» Brief
Print every line below exactly as written, but leave the pictures behind.

» Information supplied
-*-

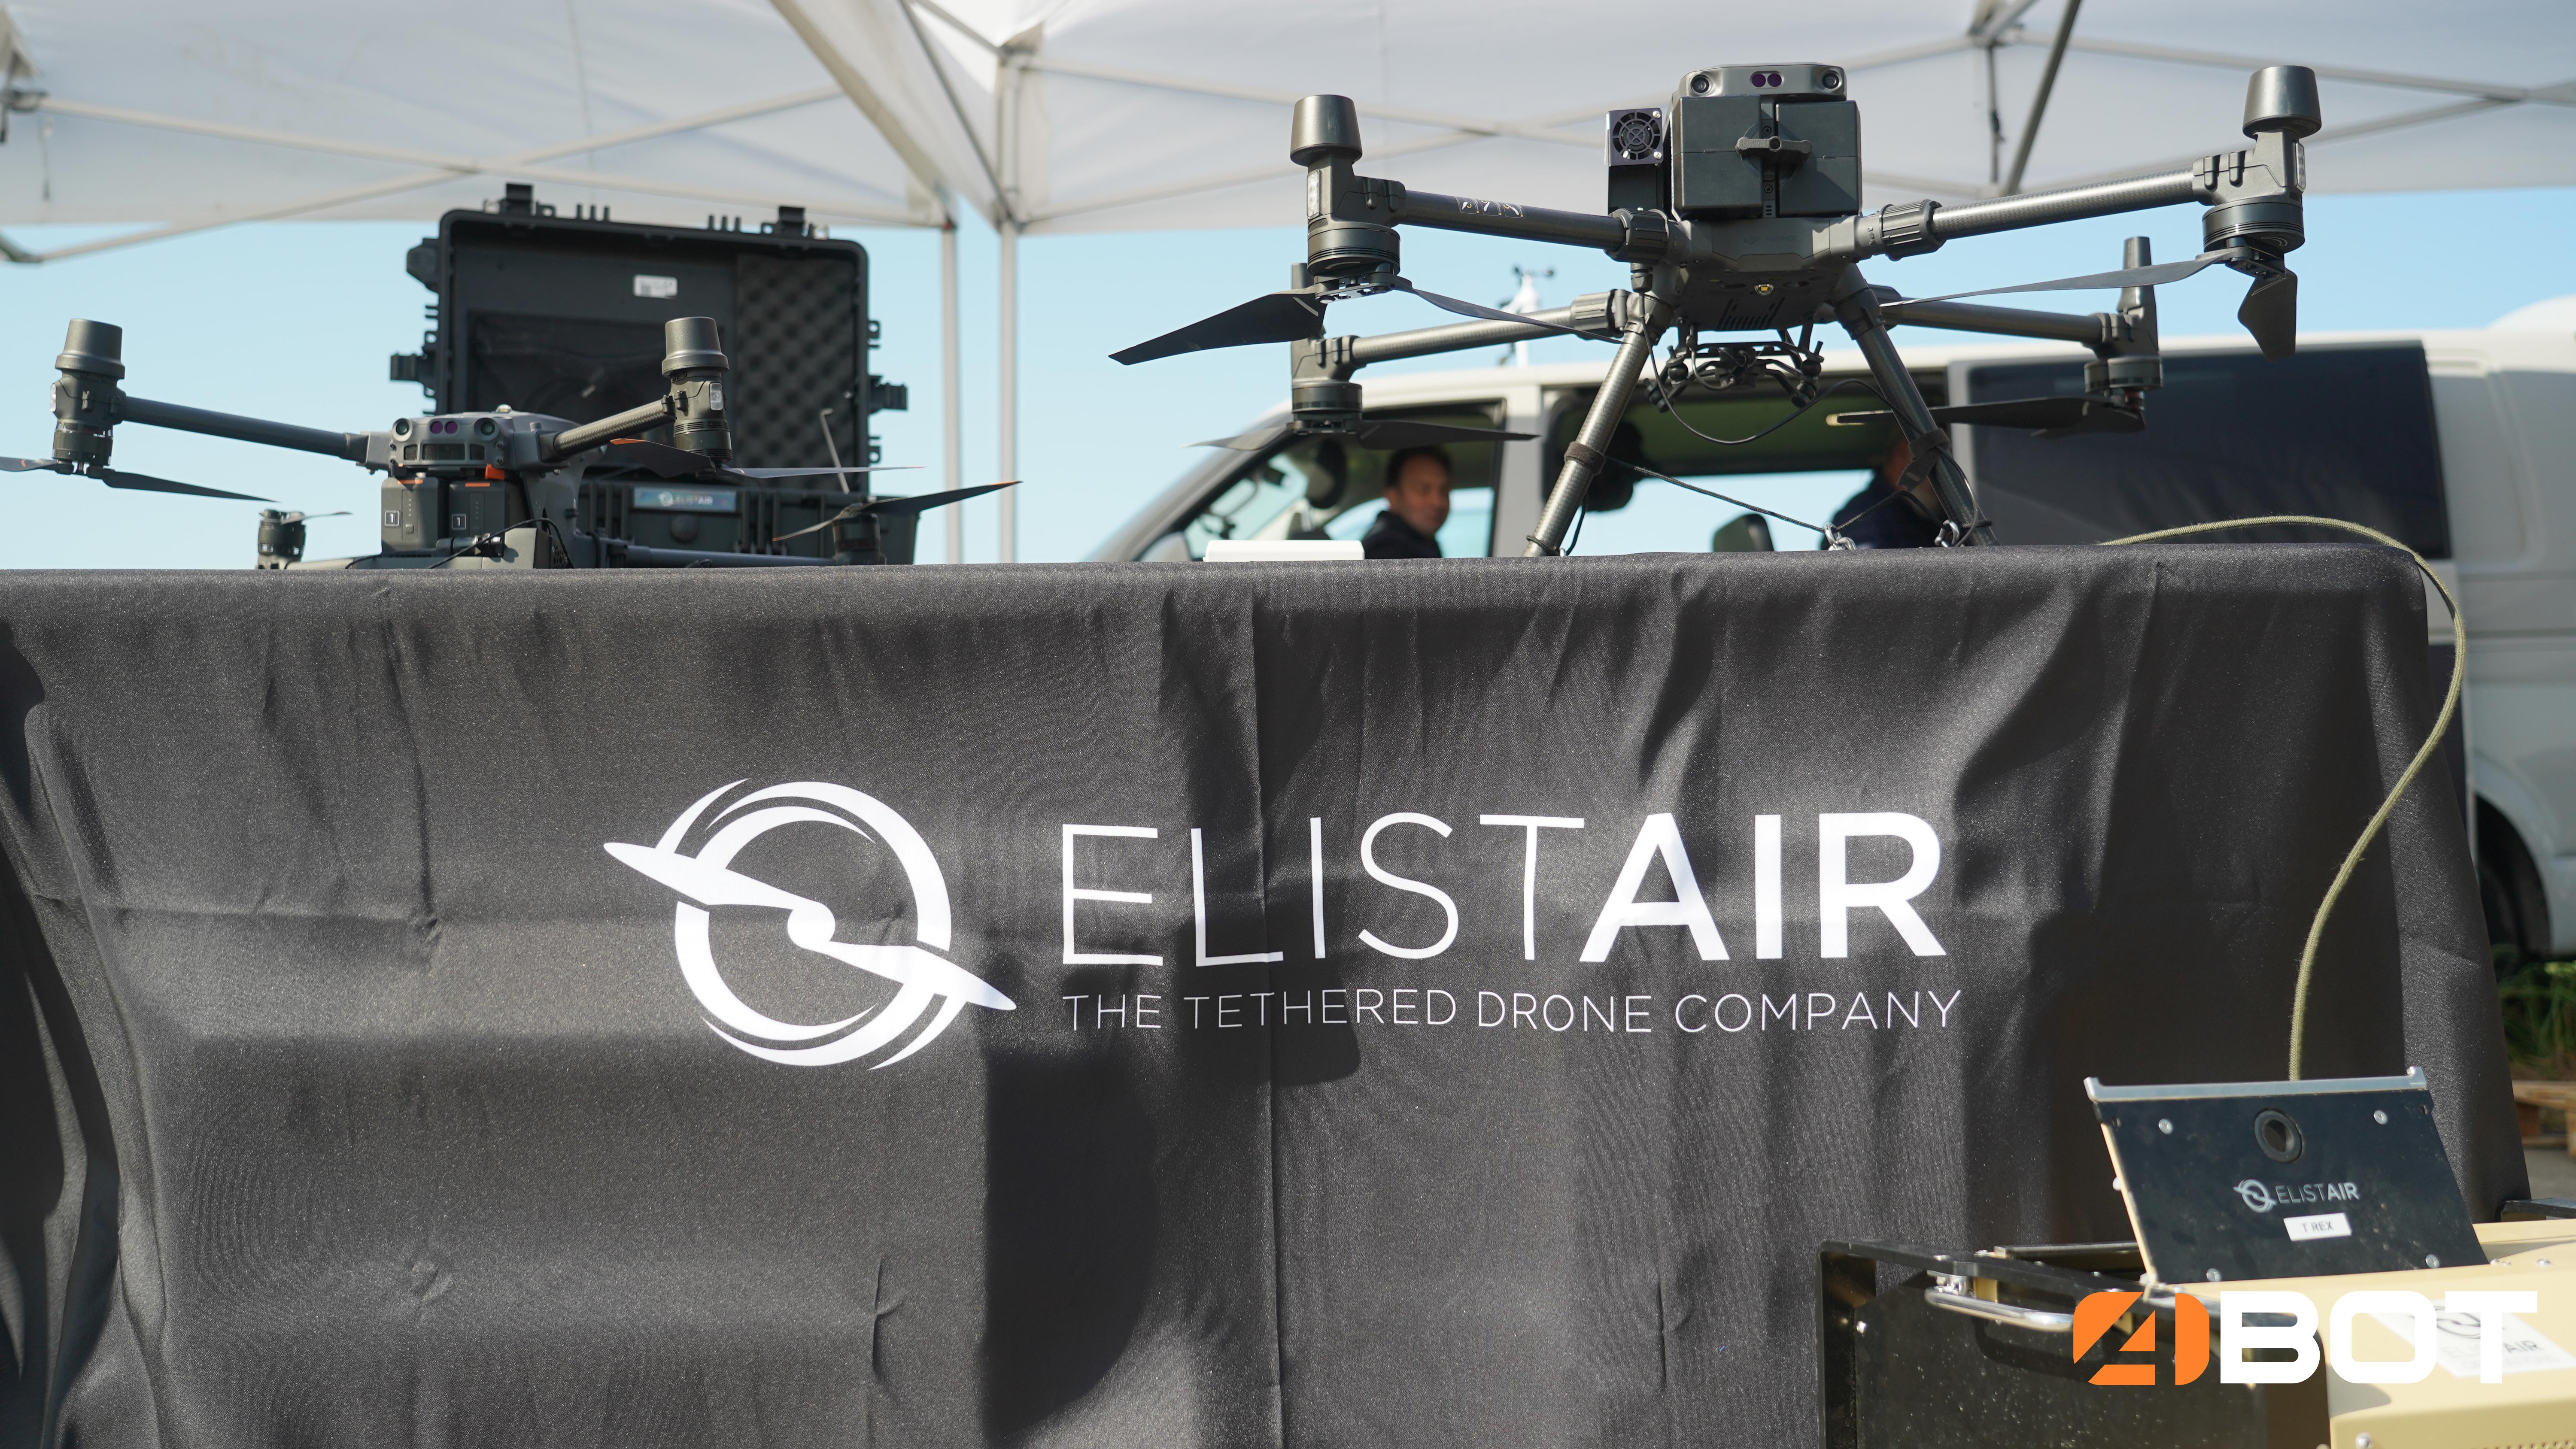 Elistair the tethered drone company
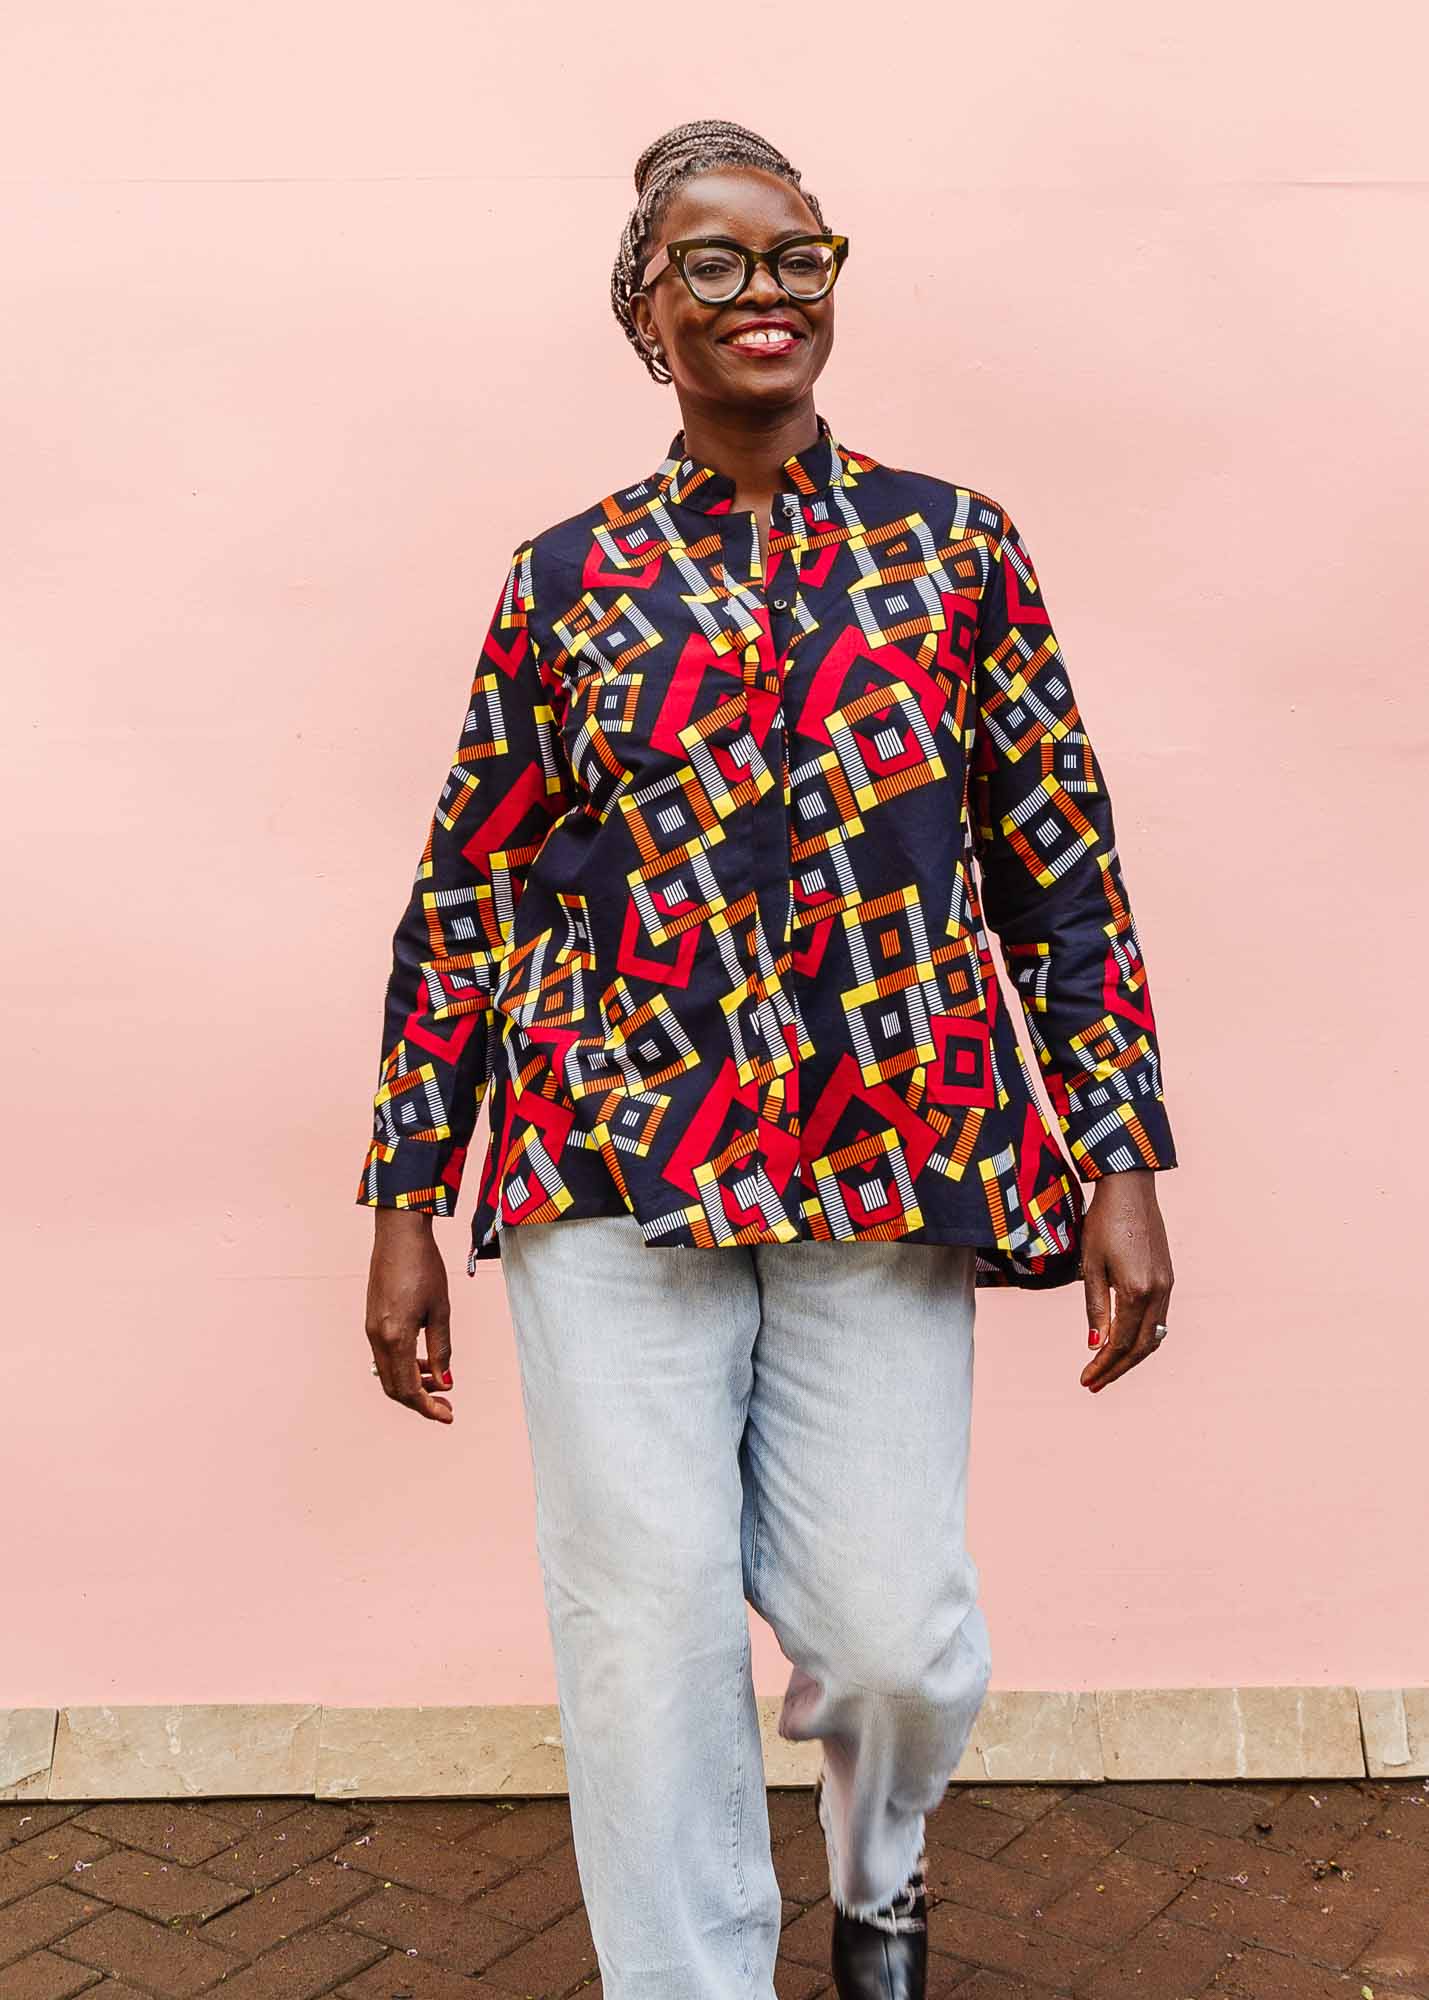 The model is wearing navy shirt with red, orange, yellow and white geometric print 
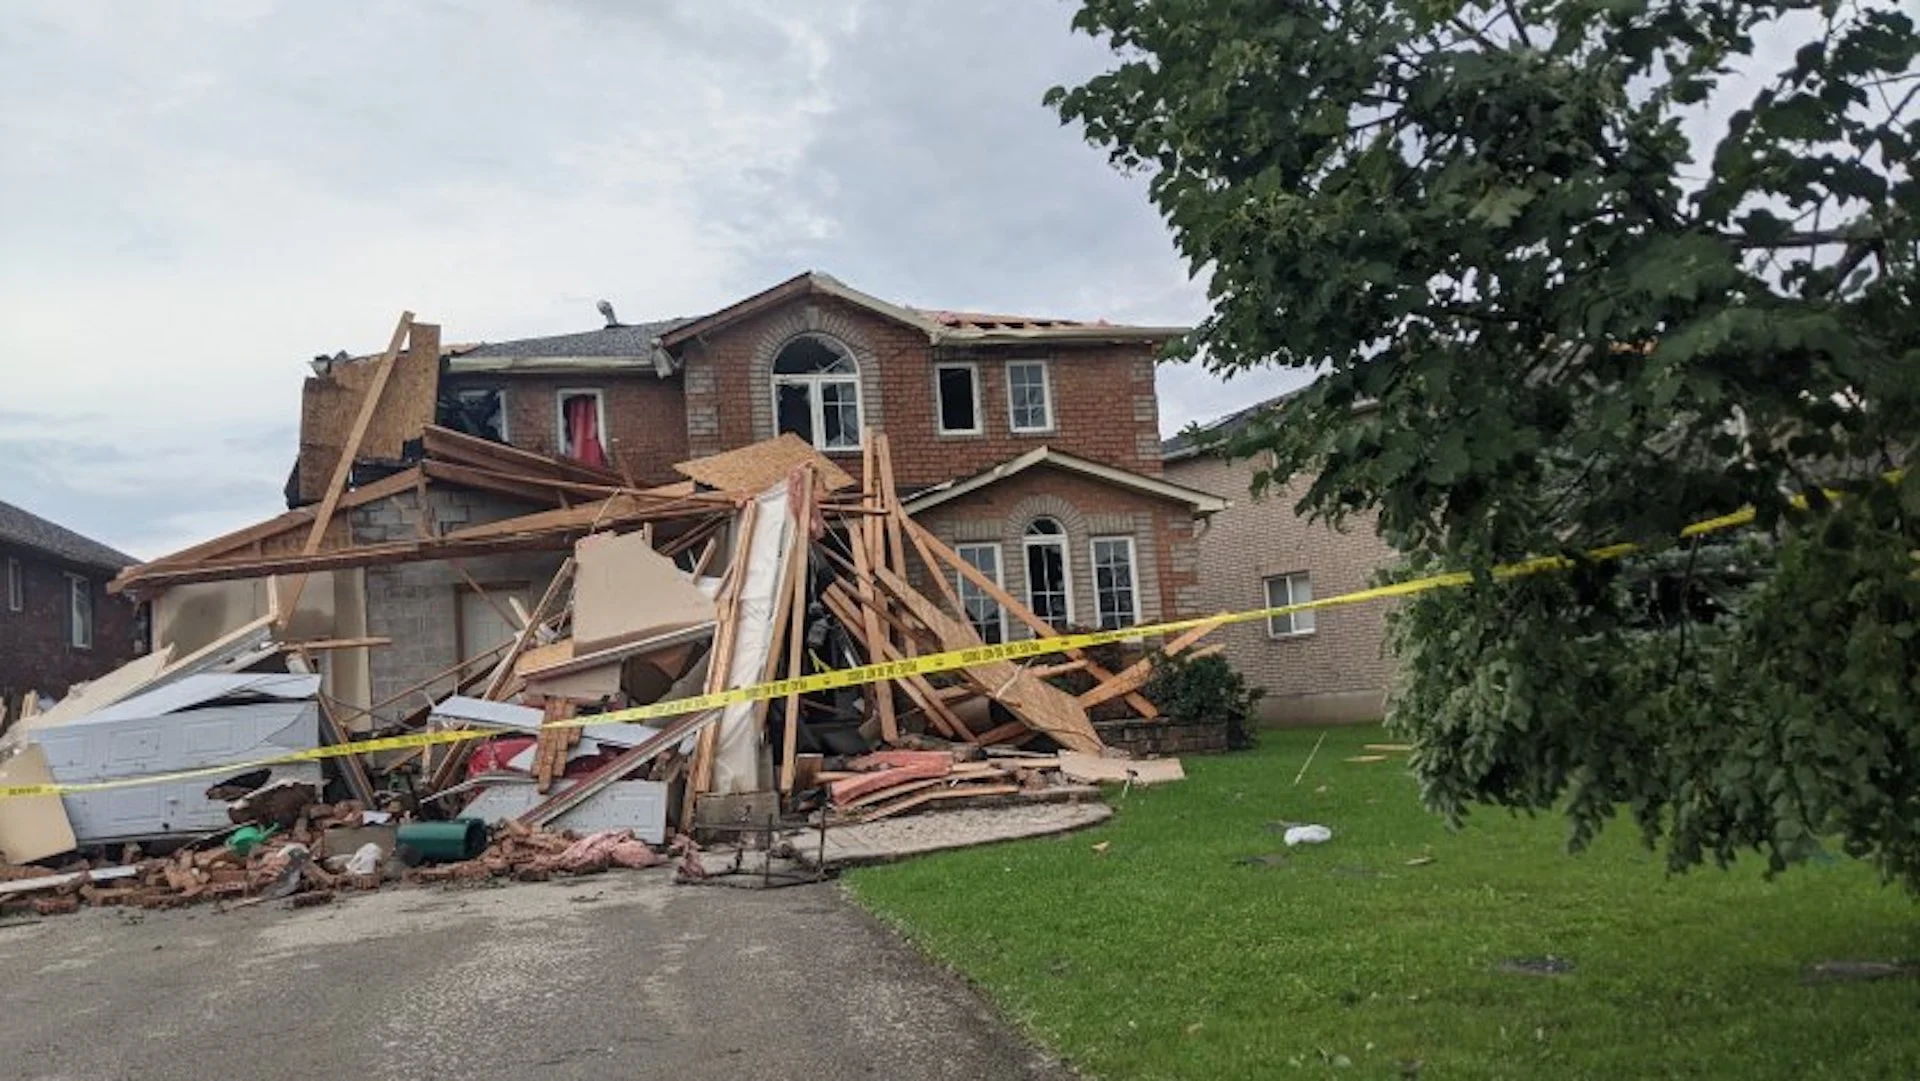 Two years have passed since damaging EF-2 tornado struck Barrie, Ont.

-*-

» Task response
 Elistair the tethered drone company
 The model is wearing navy shirt with red, orange, yellow and white geometric print 
 Two years have passed since damaging EF-2 tornado struck Barrie, Ont.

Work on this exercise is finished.